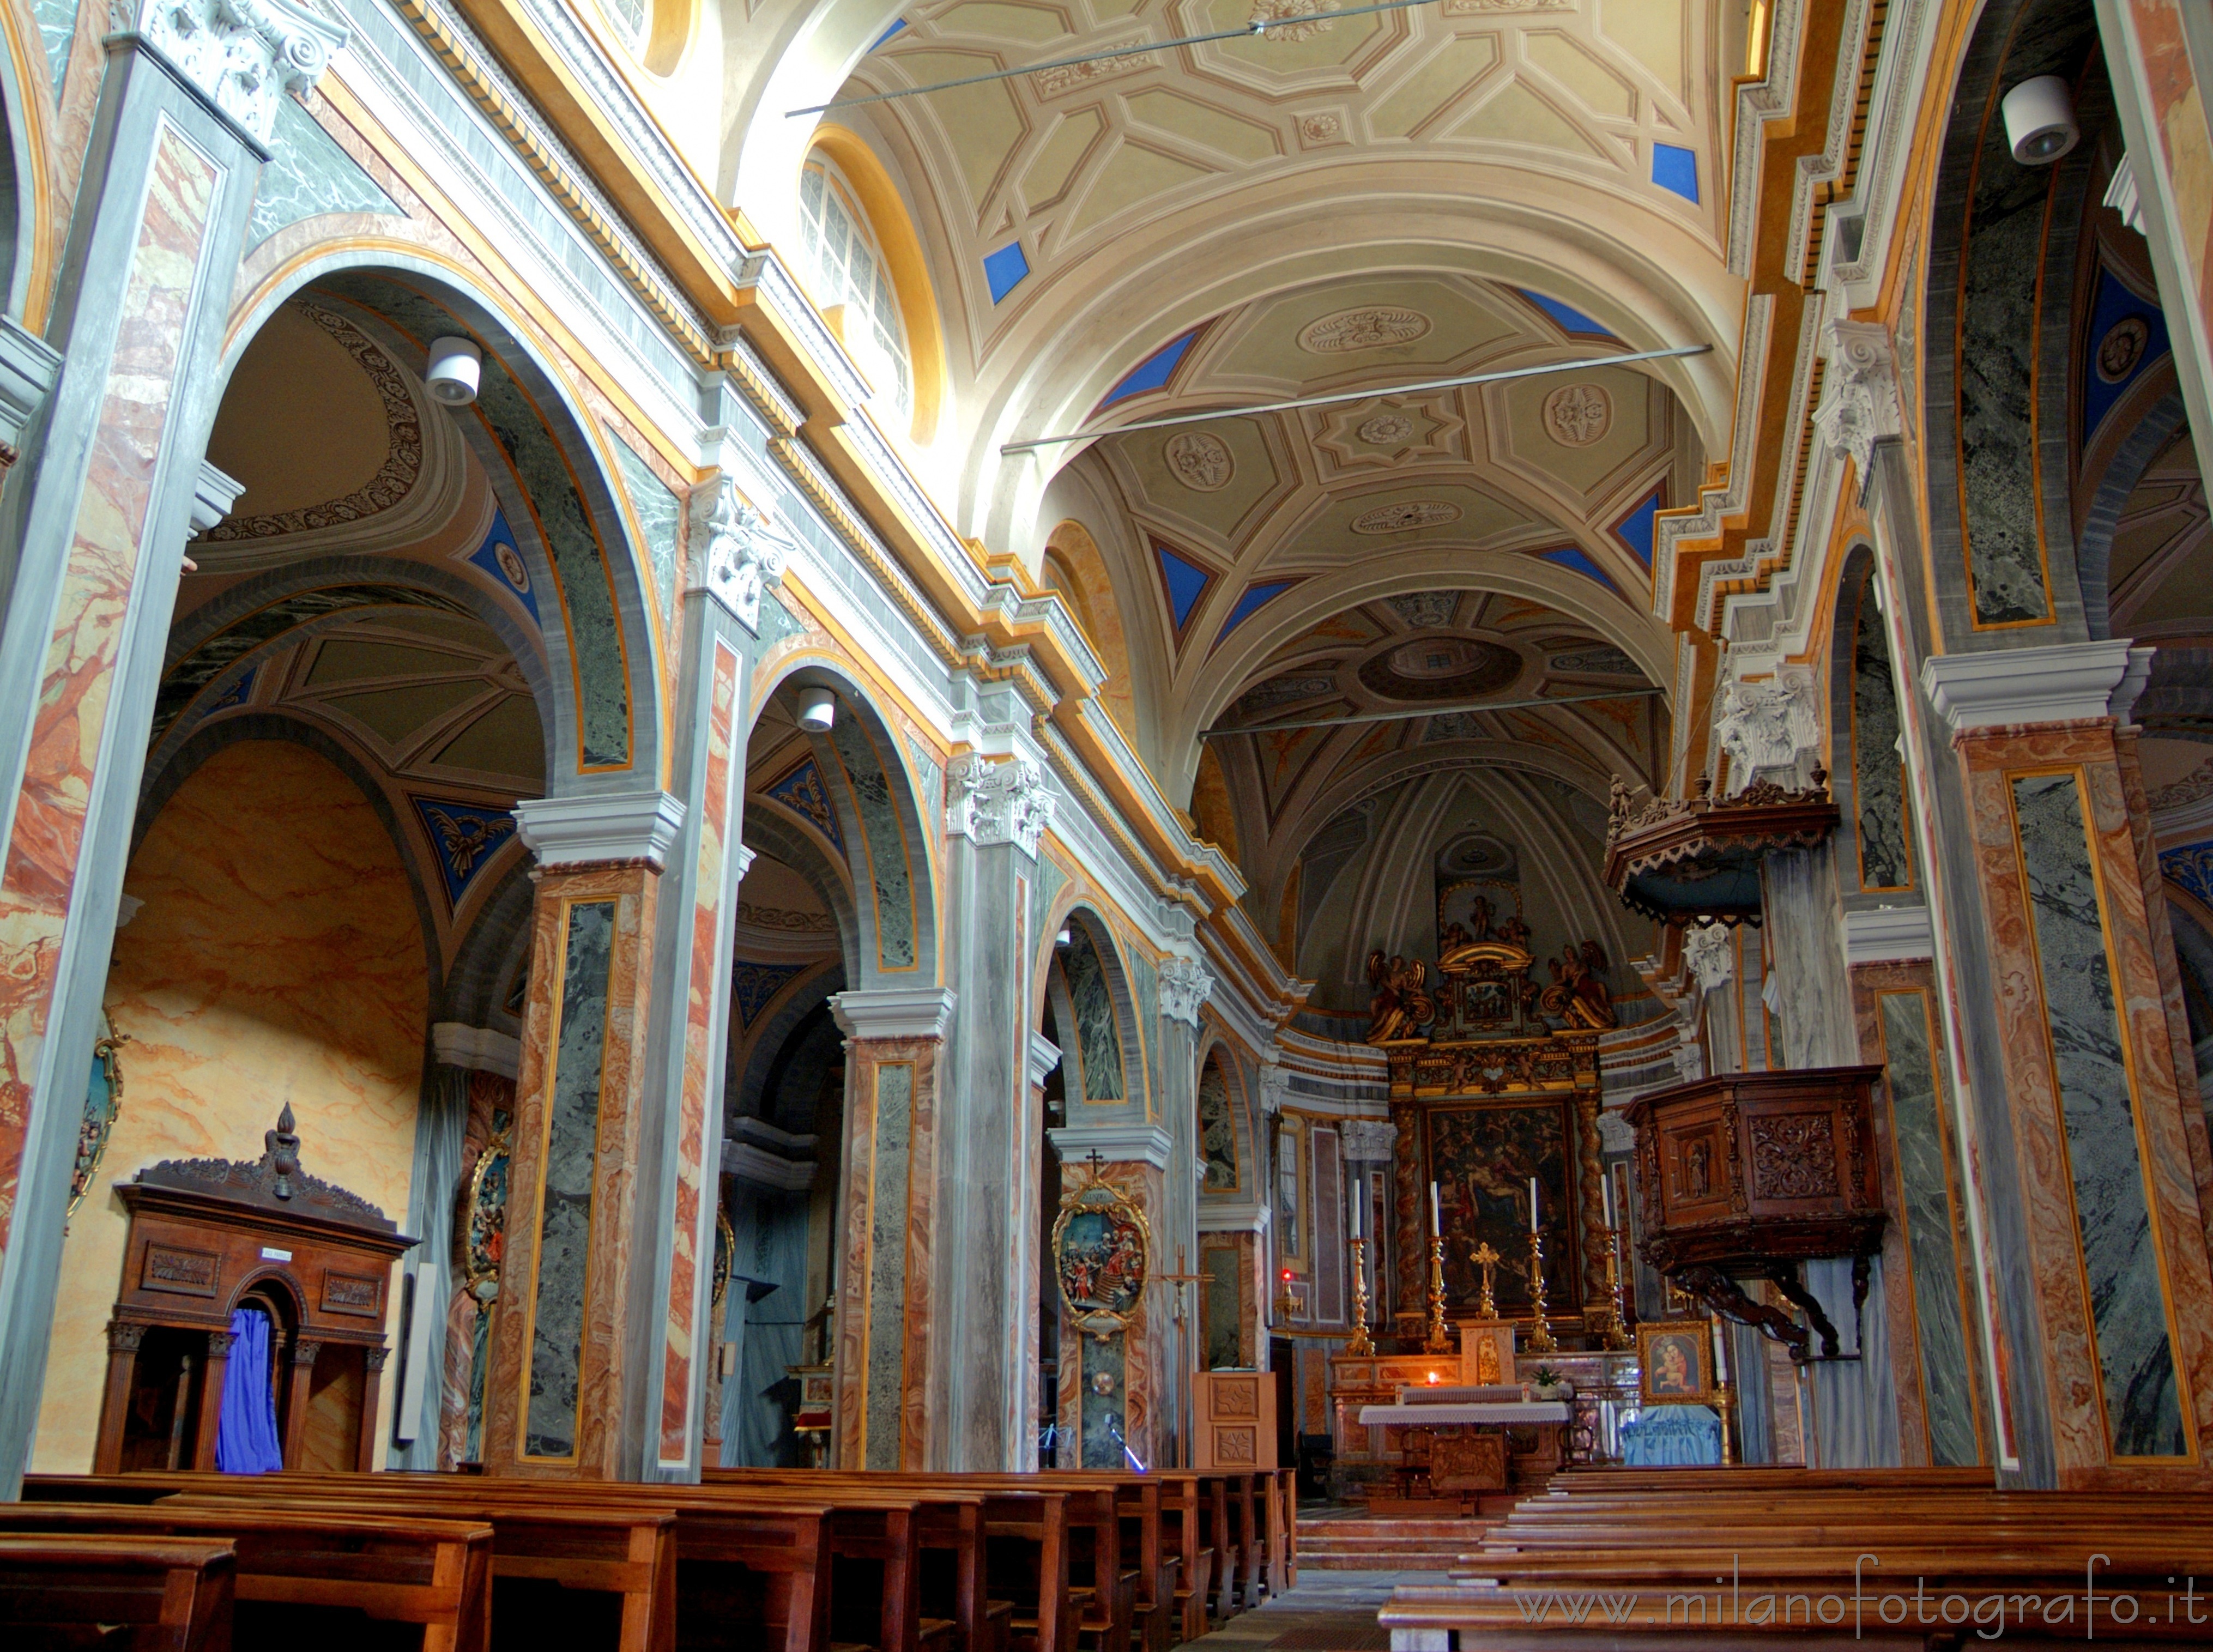 Sagliano Micca (Biella, Italy): Interiors of the Church of the Saints Giacomo and  Stefano - Sagliano Micca (Biella, Italy)
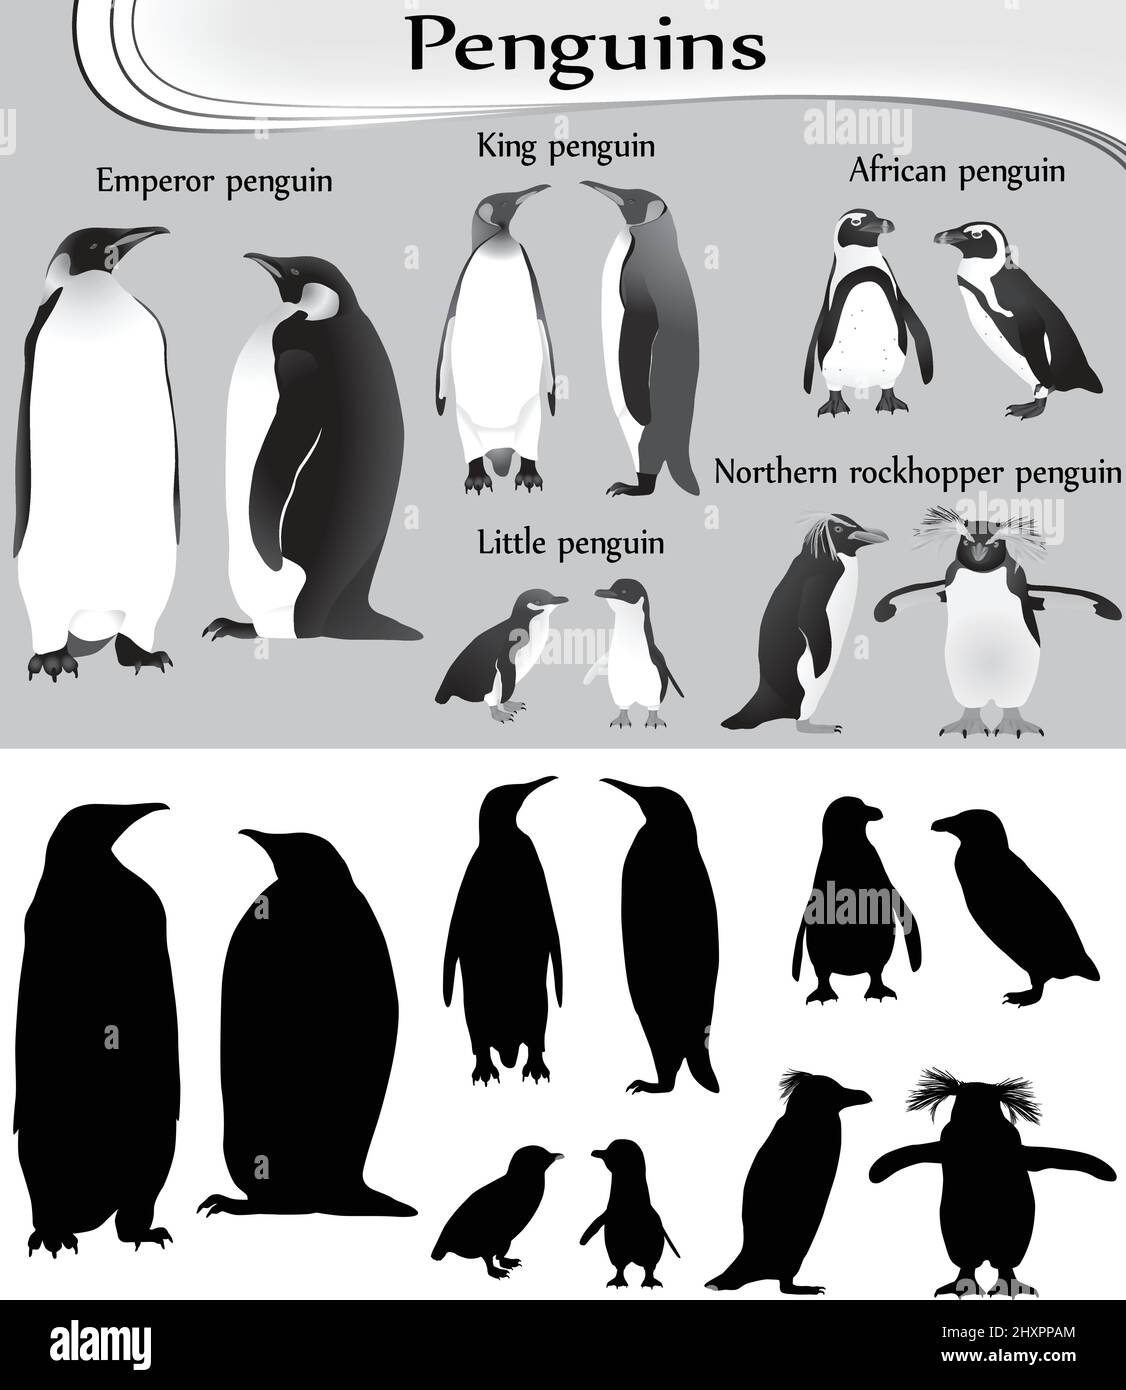 Collection de différentes espèces de pingouins en noir et blanc image et silhouette: empereur, roi, petit, africain, nord de la rockhopper Illustration de Vecteur
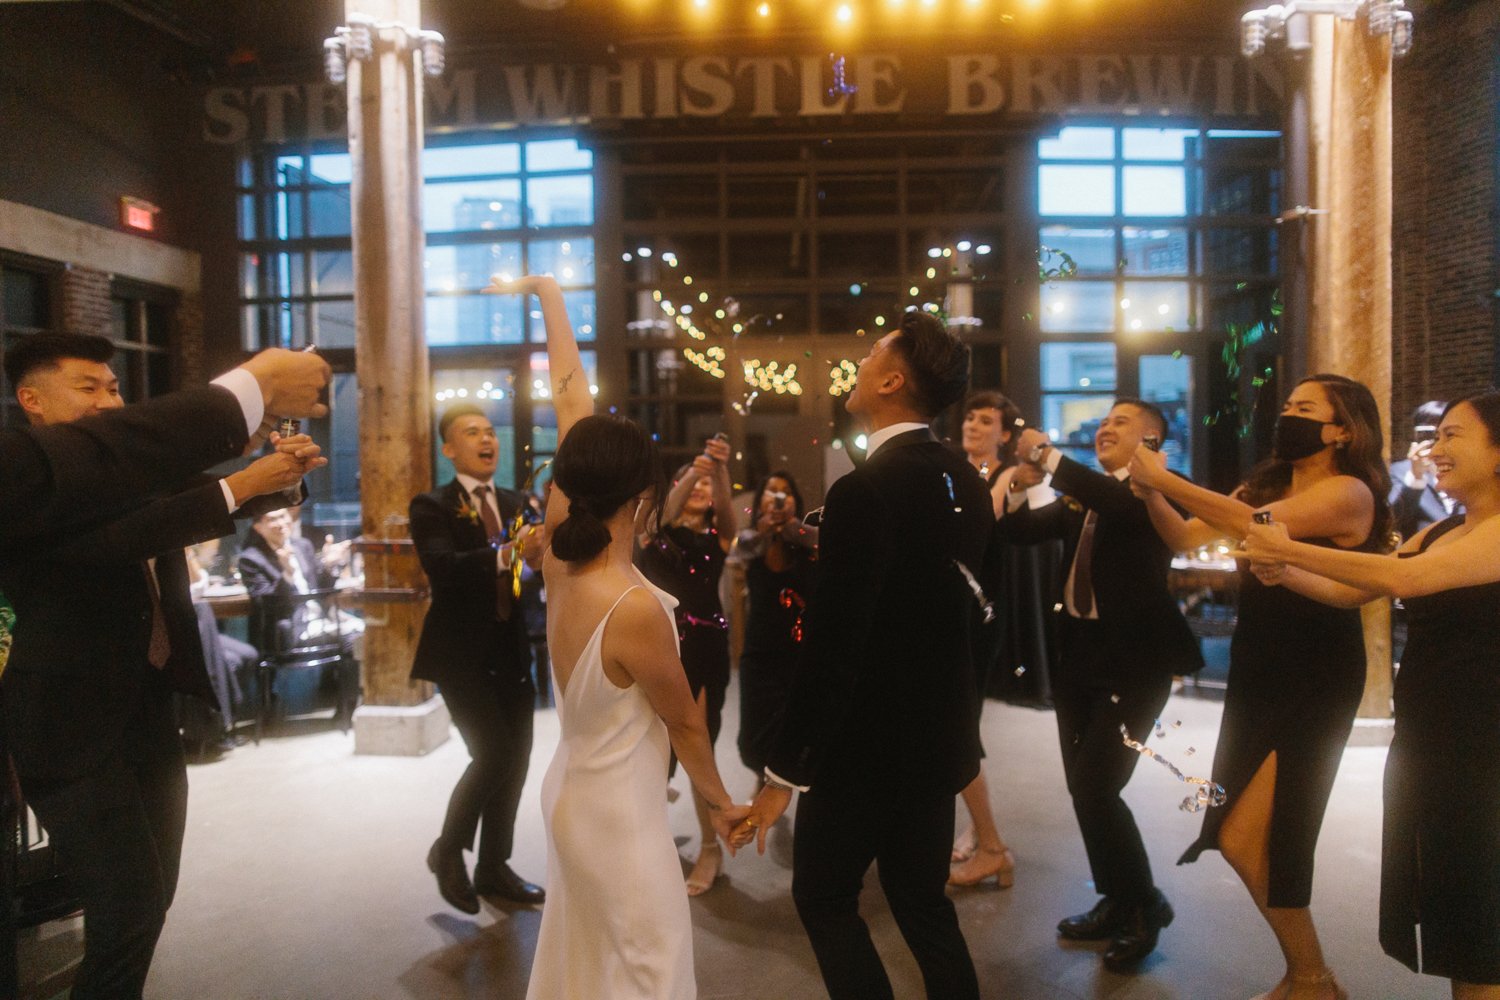 Steam-Whistle-Brewing-Best-Alternative-Wedding-Venue-Photos-Toronto-86.JPG

****************************************

__PROBLEM DETAILS__.
Copy the listing exactly. Leave the pictures out.

__PROBLEM SOLUTION__.
 Sagliano Micca (Biella, Italy): Interiors of the Church of the Saints Giacomo and  Stefano - Sagliano Micca (Biella, Italy)
 Collection de différentes espèces de pingouins en noir et blanc image et silhouette: empereur, roi, petit, africain, nord de la rockhopper Illustration de Vecteur
 Steam-Whistle-Brewing-Best-Alternative-Wedding-Venue-Photos-Toronto-86.JPG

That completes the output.